Sam Altman dan Elon Musk Dukung Seruan Perlambatan Pengembangan AI
CEO Anthropic, Dario Amodei, menyerukan perlambatan pengembangan AI untuk mencegah risiko penguasaan

RIAUREALITA.COM — Dari usulan perlambatan tersebut muncul dari CEO Anthropic, Dario Amodei. Ia memperingatkan bahwa tanpa jeda dalam pengembangan, sekumpulan sistem AI berpotensi menguasai seluruh jaringan internet hanya dalam kurun waktu satu tahun.

Elon Musk, pemilik SpaceX, mendukung pernyataan Amodei melalui cuitan di platform X. "Saya sudah lama memperingatkan soal kecerdasan buatan," tulis Musk, menegaskan konsistensinya terhadap bahaya teknologi tersebut.

Komitmen Pengawasan Independen oleh OpenAI

Sam Altman menyatakan setuju dengan pandangan Amodei mengenai kebutuhan mengatur kecepatan inovasi. Topik ini menjadi diskusi utama internal OpenAI selama beberapa pekan terakhir.

"Saya setuju dengan Dario bahwa kita perlu mengatur laju perkembangan di bidang ini," kata Altman, melansir Reuters. OpenAI berencana mengadopsi gagasan Anthropic dengan melibatkan penilai independen yang memiliki akses setara karyawan untuk memantau risiko.

Altman telah lama menyuarakan kekhawatiran ini. Dalam esai tahun 2015 berjudul "Machine Intelligence, Bagian 1", ia menyebut pengembangan kecerdasan mesin yang melampaui kemampuan manusia sebagai ancaman terbesar bagi kelangsungan hidup umat manusia.

Tanggapan Google DeepMind dan Konteks Pasar

Demis Hassabis, pendiri sekaligus pimpinan Google DeepMind, turut sepakat dengan arah usulan tersebut. Meski rincian teknis masih dimatangkan, ia menilai respons kolektif industri sangat diperlukan saat ini.

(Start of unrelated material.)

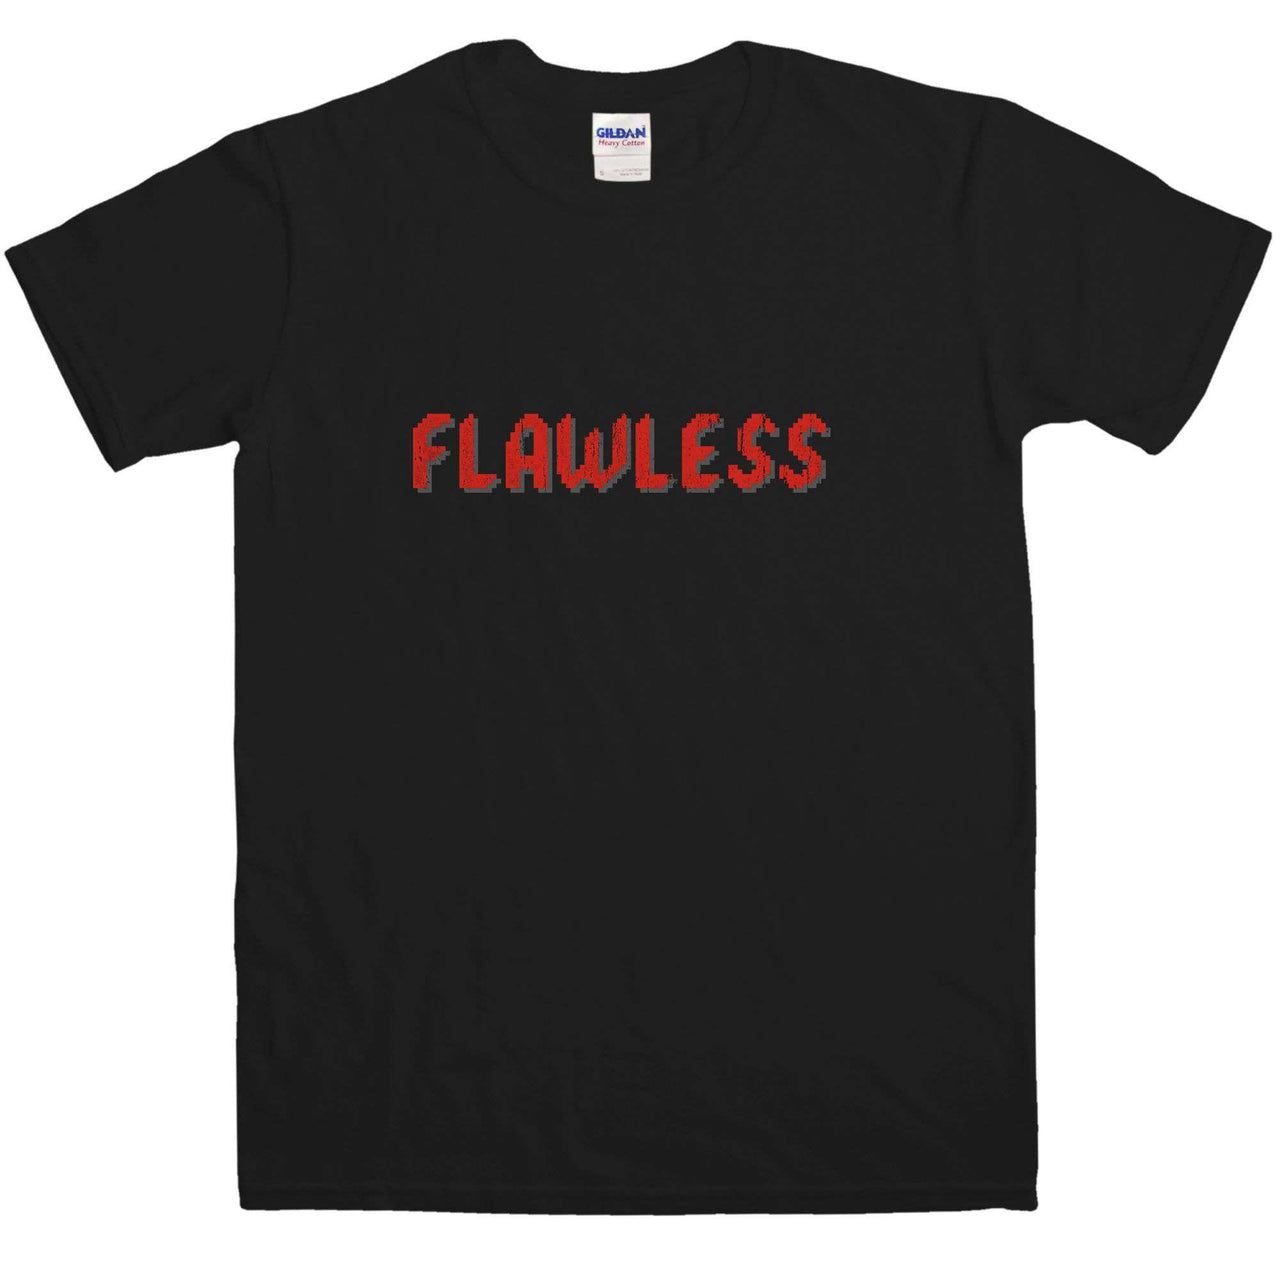 Flawless Unisex T-Shirt For Men And Women 8Ball

Seruan Amodei mengemuka di tengah persiapan Anthropic untuk melantai di bursa saham AS. IPO perusahaan ini digadang-gadang menjadi salah satu yang terbesar sepanjang sejarah dengan target valuasi lebih dari US$2 triliun (setara Rp 33 triliun).

Kekhawatiran Internal Peneliti Senior

Dalam wawancara bersama Anderson Cooper dari CNN pada Sabtu (12/9), Amodei menyerukan kerja sama pemimpin industri untuk menghindari kesalahan fatal. "Jika kita terlambat, saya percaya ada orang jahat yang akan menyalahgunakan teknologi tersebut," ujarnya.

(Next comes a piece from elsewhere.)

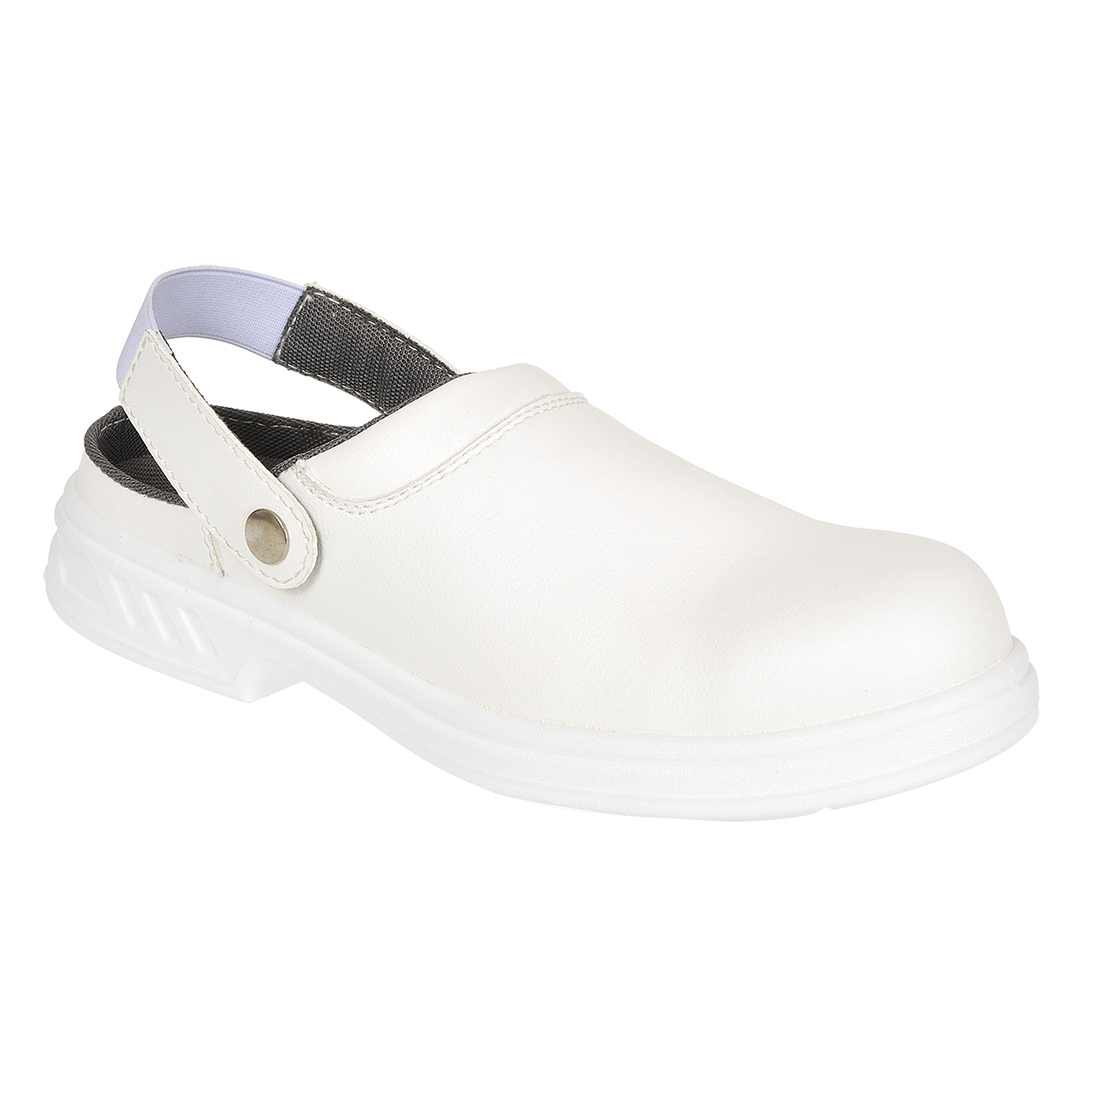 Pracovní sandál Steelite Safety Clog SB AE WRU Barva: bílá, Velikost: 41

Pernyataan ini diperkuat oleh pengunduran diri peneliti Anthropic, Jacob Coxon, karena ketidakpedulian pengembang terhadap risiko bahaya. Coxon mencatat adanya kesenjangan antara citra publik eksekutif dan ketakutan pribadi mereka.

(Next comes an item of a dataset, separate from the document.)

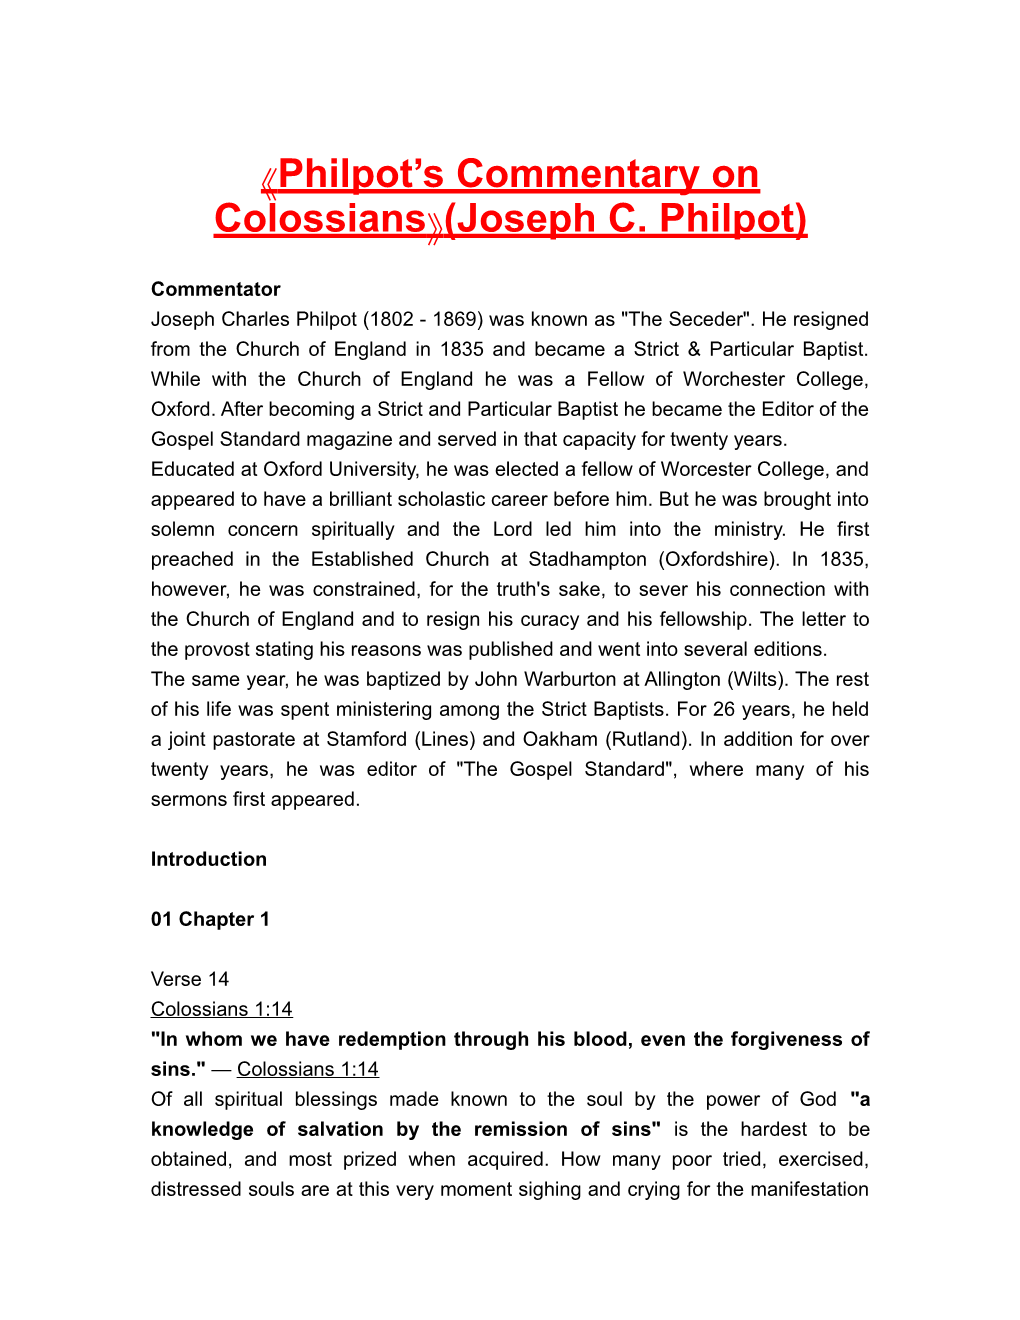 Philpot S Commentaryoncolossians (Joseph C. Philpot)

"Banyak eksekutif dan peneliti senior akan menyusun kalimat mereka di media agar terdengar masuk akal, tetapi saya mendengar mereka mengungkapkan ketakutan secara pribadi," tulis Coxon di X pada Selasa (8/9). Ia menekankan bahwa tidak ada aktivitas manusia lain yang menimbulkan tingkat bahaya setinggi ini.